The consequences on fitness of equating family contributions: inferences from a drosophila experiment

  • Enrique Sánchez-Molano
  • Aurora García-DoradoEmail author
Research Article

Abstract

Here we present results of a Drosophila long term experiment where we study the fitness consequences of equating the number of breeding offspring contributed per family (EC) compared to a random contribution (RC) protocol. The EC strategy slows inbreeding and drift.
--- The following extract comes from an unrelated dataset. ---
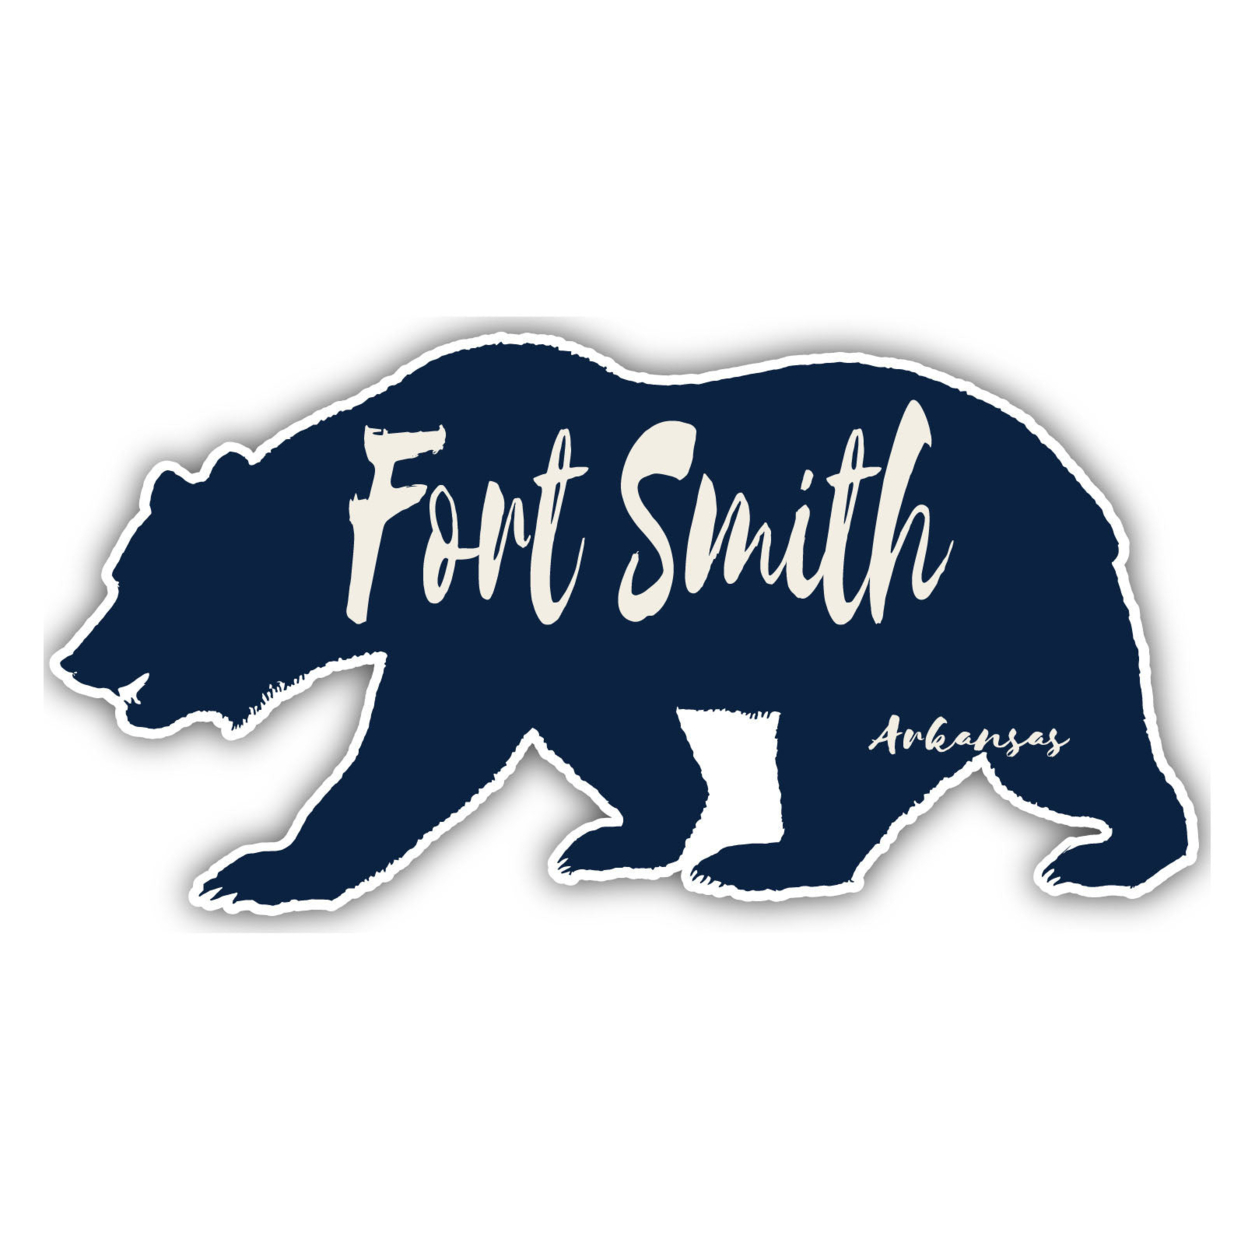 Fort Smith Arkansas Souvenir Decorative Stickers (Choose Theme And Size) - 4-Pack, 12-Inch, Bear

However, it also prevents natural selection on fecundity and limits selection on viability to that occurring within families, and this includes purge against unconditionally deleterious alleles as well as adaptation to captive conditions. We used populations maintained with 5 or 25 single mated pairs, monitored inbreeding and selection intensity, and assayed competitive and non competitive fitness, as well as fecundity and viability components, in lines maintained with or without EC. In the small lines, EC showed modest advantage for viability during the whole experiment and for fitness up to generation 15 while, in the large lines, fitness increased steadily under both strategies, and EC led in the medium term to a slight fitness disadvantage. On the light of recent theory, these results can be explained as the joint consequence of new and standing deleterious mutations undergoing drift, inbreeding and selection and of adaptation to captive conditions.

Keywords

Inbreeding depression Purge Conservation Adaptation to captive conditions Fitness components Population number 

Notes

Acknowledgments

We are grateful to Carlos López-Fanjul for useful discussion and to Mauro Santos for providing the original Drosophila sample. This work was supported by grants CGL2008-02343/BOS from the Ministerio de Ciencia e Innovación and UCM-BSCH GR58/08-910433 from the Universidad Complutense.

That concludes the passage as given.